Capital Gains are imaginary, but taxed anyway

(c) 2012  Earl L Haehl – Permission is granted to redistribute this in whole as long as credit is given.  Book rights are reserved.

Capital gains occur when the value of property changes in dollars. This can be due to value added to the property through the efforts of the owner, changes in value due to market forces such as scarcity or demand or changes due to inflation or government action.  While there are those searching for revenue who define this as income, this is a change in the value of property, not income.

The first may example may be the fixer-upper house that a person buys for its market value when it has, through neglect, vandalism, natural disaster etc., lost much of its value. While no one actually buys a house, but rather the real estate upon which it sits—except in the case of a condo. But the condition of a dwelling or other building on the premises impact what will be paid for the land. The person buying as investment had better know what it will cost.

Hypothetical 1: In 1986 we looked at what would be ideal for a couple writers who had the wherewithal to handle the utilities, stairs etc.
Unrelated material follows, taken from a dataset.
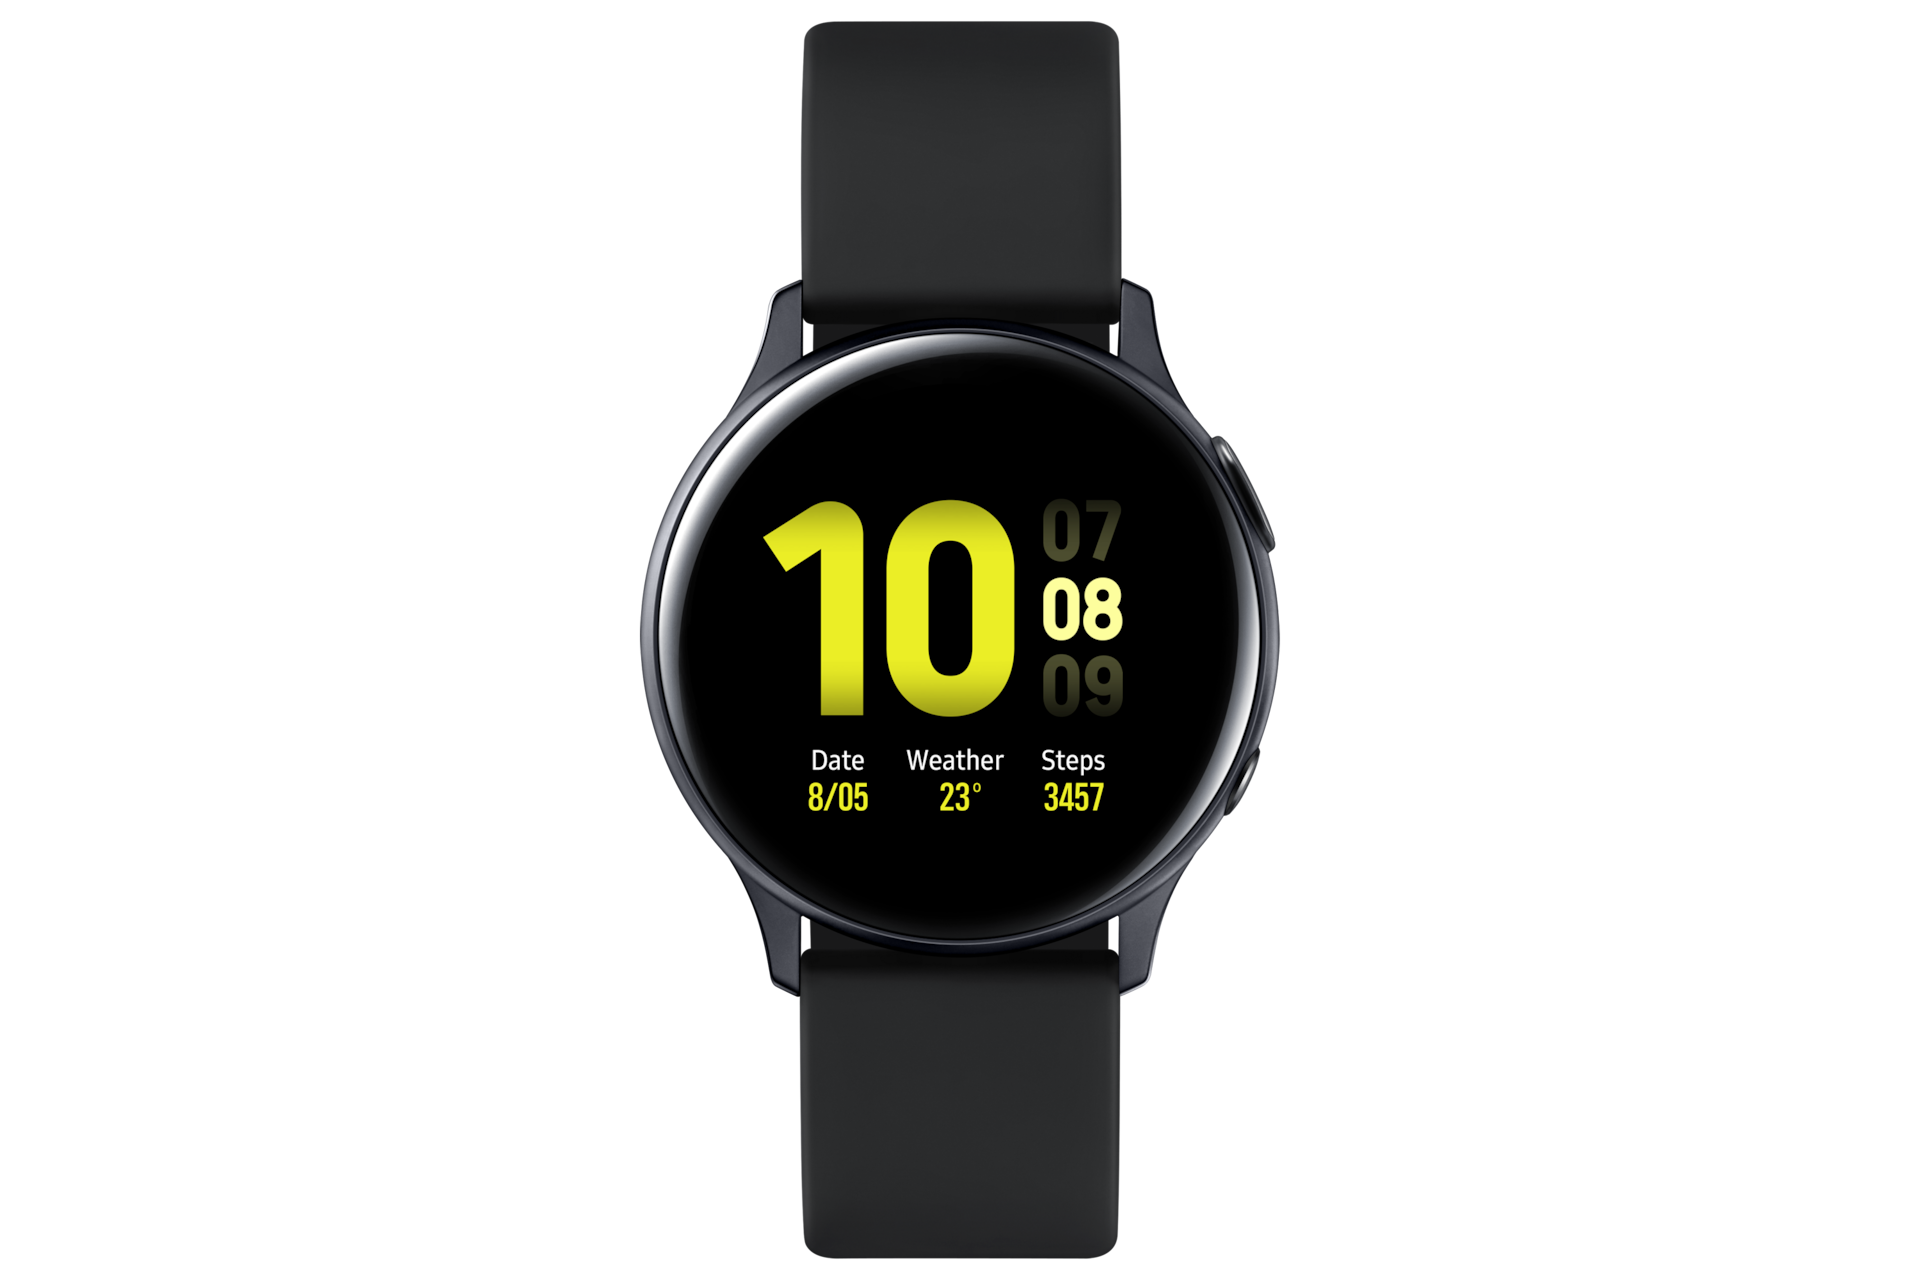 Samsung Galaxy Watch Active2: Chiếc đồng hồ thông minh Samsung Galaxy Watch Active2 sẽ mang đến cho bạn một trải nghiệm khác biệt với tính năng đo nhịp tim, chế độ theo dõi sức khỏe và đặc biệt là khả năng kết nối 4G LTE. Không chỉ là một phụ kiện thời trang, đây còn là một trợ lý đắc lực trong cuộc sống hằng ngày của bạn.

As we walked through the place, I noted the wiring—at least $10,000 to make it fire safe, double that for computers. I would have gone through it with a plumbing contractor as well, but as we stepped outside I noted a foundational crack. The hypothetical person (Hyp1) who bought the house at a bargain price was going to spend an additional two to three times in upgrades. So look at the house at $50,000 (remember this was 1986) plus $125,000 (conservative) in repairs and then it gets sold in the bubble for a quarter million. It was purchased at fair market value, it was sold at fair market value. What was sold was the property for which Hyp1 sold not only the house for which $175k was the cost basis, but also the future use of the property and the fact that a comparable or greater price would be necessary to replace it.

Hypothetical 2: So in October 1987 a different hypothetical buyer purchased 100 shares XYZ Corp at $29. This was fair market value the day after the big correction. But the income from the stock was solid and the seller had panicked. In other words the fair market value was impacted buy panic, not performance but it was still fair market value on that day. I March of 1998 our hypothetical buyer decided to get into the burgeoning green energy industry so he looked at his XYZ that had split twice and was now valued at $129 with a cost basis of $80 since the last split. Hyp2 sold 200 shares and was bought Greeniecorp which filed bankruptcy in December. Had he not taken the bath on Greeniecorp he would have paid capital gains tax on $9,800. In selling those shares Hyp2 sold all future interest and income that would accrue to those shares, not merely notes.

The second category involves market forces. And it still involves purchase and sale at fair market value. In this case, the ultimate seller relinquishes the value and future interests as well as the property itself.

In the third scenario, inflation or other government action, there is no change in the value of the property—there is a devaluation of the money. To call the change in price a gain is wrong. The government has, through its actions change the value of the exchange and should not benefit by taxing the difference.